Laura Hooton
Contact Info:
Breland 240
Student Hours:
Wednesdays 1-3 pm and by appointment
Education:
B.A., UC San Diego 2009
M.A./Ph.D., UC Santa Barbara, 2018
Research and Teaching Interests:
Professor Hooton is an historian of race, ethnicity, and identity in the United States and Latin America. Her interdisciplinary research focuses on African Americans in the U.S.-Mexico Borderlands, immigration and migration, social movements, and race and ethnicity in the American West. She is especially interested in the intersection of Black studies and borderlands studies.

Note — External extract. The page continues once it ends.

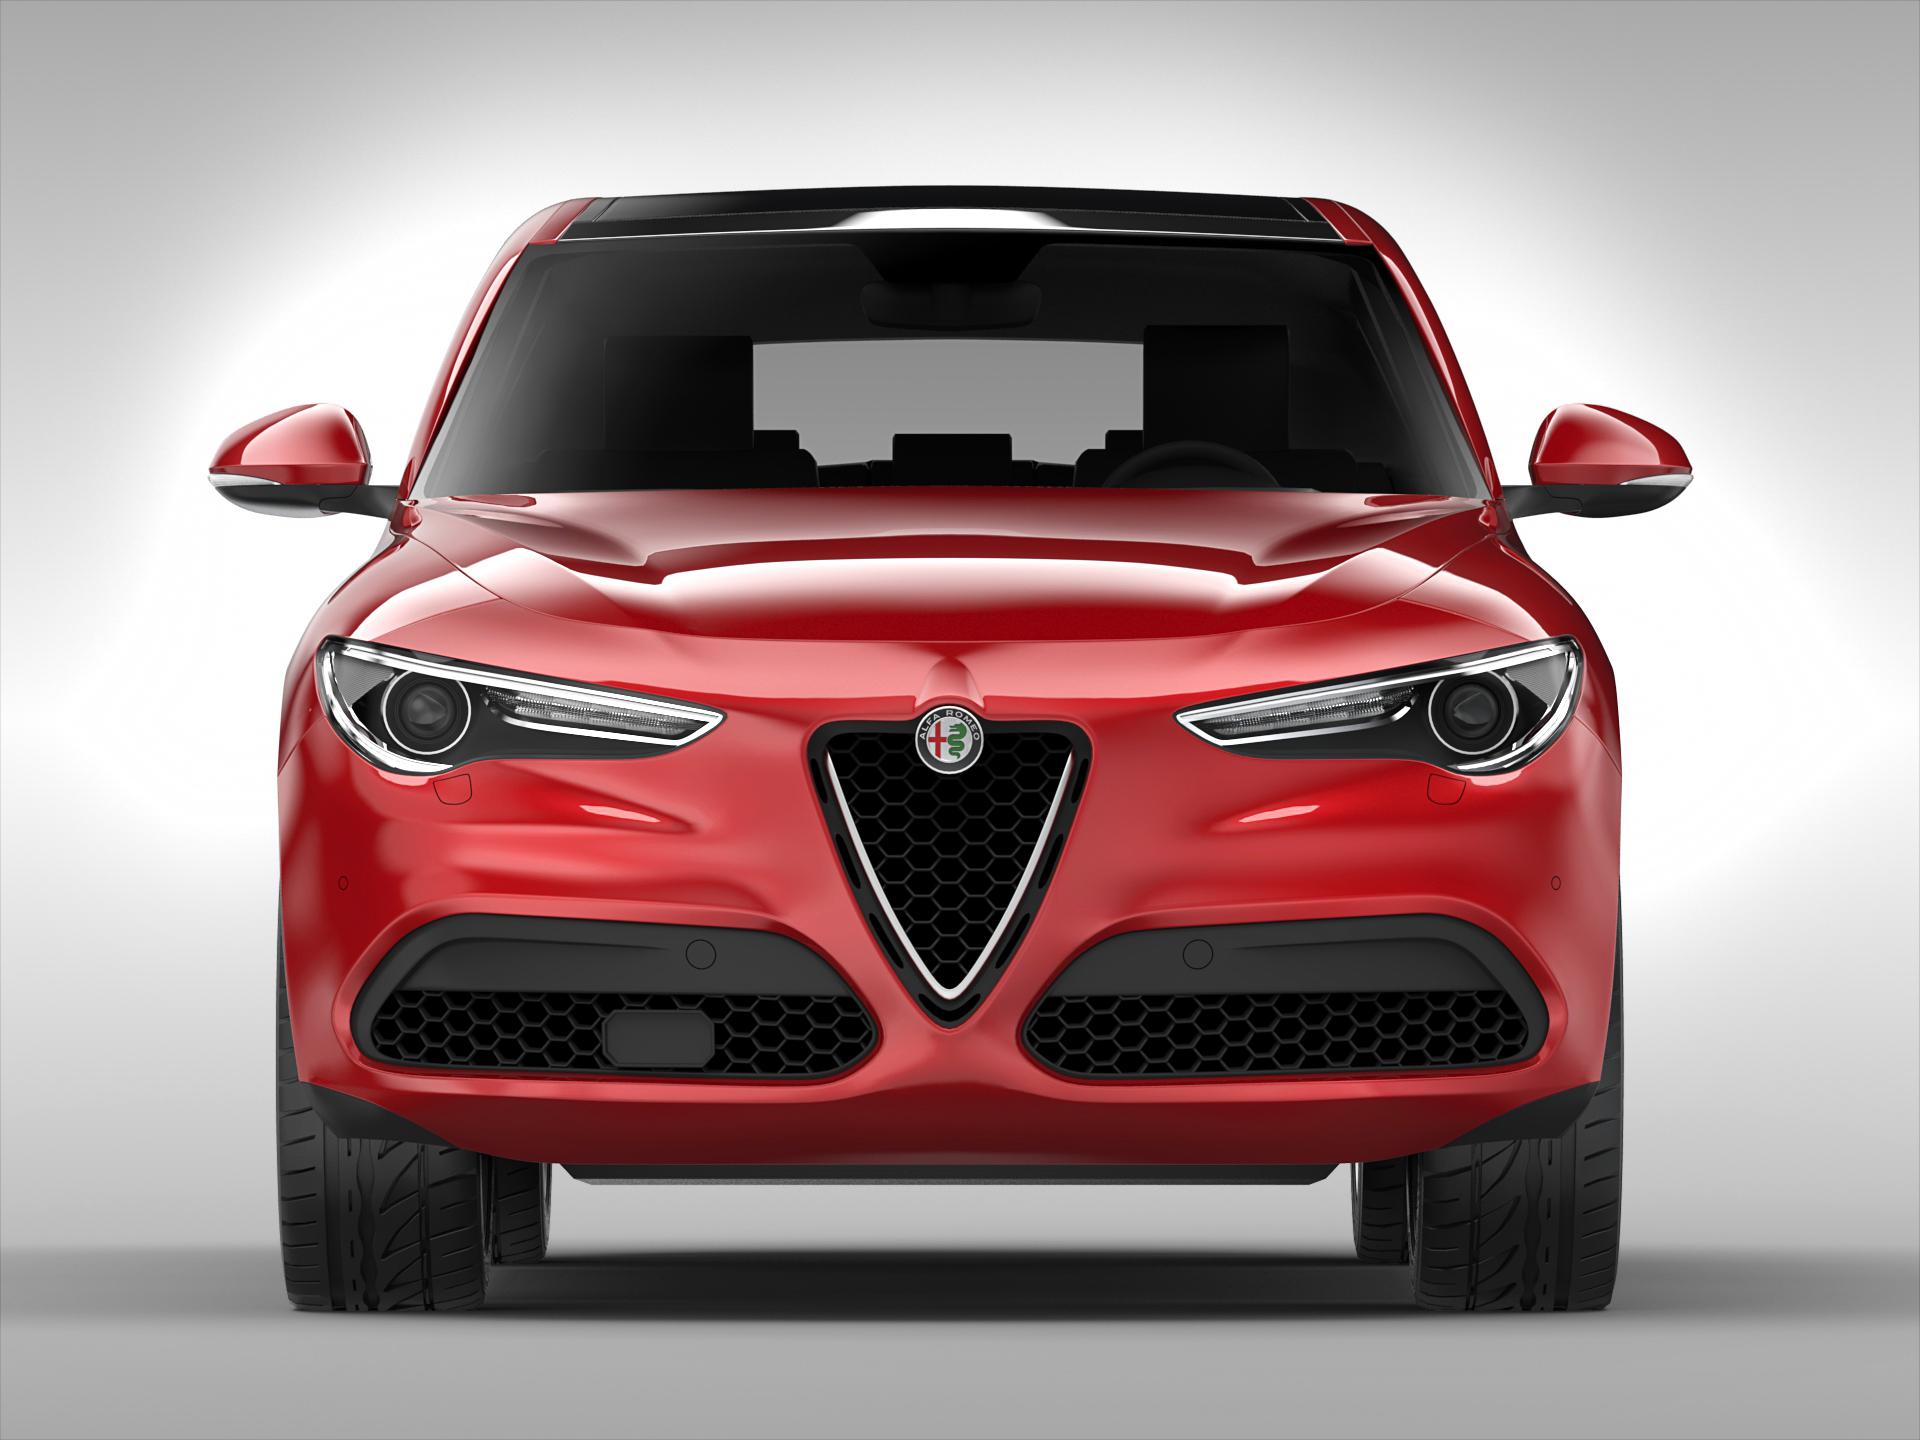 Alfa Romeo Stelvio D Model FlatPyramid - Alfa romeo model

Professor Hooton teaches courses in United States history and comparative race and ethnicity in the Americas, including topics such as civil rights, immigration, borderlands, African American history, and Mexican American history. She is interested in public history, especially the ways that oral history and conversations about memory and memorialization can connect students and the larger community.
Selected Publications:
Almost All Aliens: Immigration, Race, and Colonialism in American History and Identity, Revised Edition. Co-author with Paul Spickard and Francisco Beltrán (2023, Routledge).
“Little Liberia, the African American Agricultural Colony in Baja California” in Farming across Borders: Transnational Agricultural History in the North American West, ed. Sterling Evans (College Station: Texas A&M University Press, 2017).
“Black Angelenos with the ‘Courage to Do and Dare’: African American Community Organizers in Lower California,” California History, 94.1 (Spring 2017), 43-54.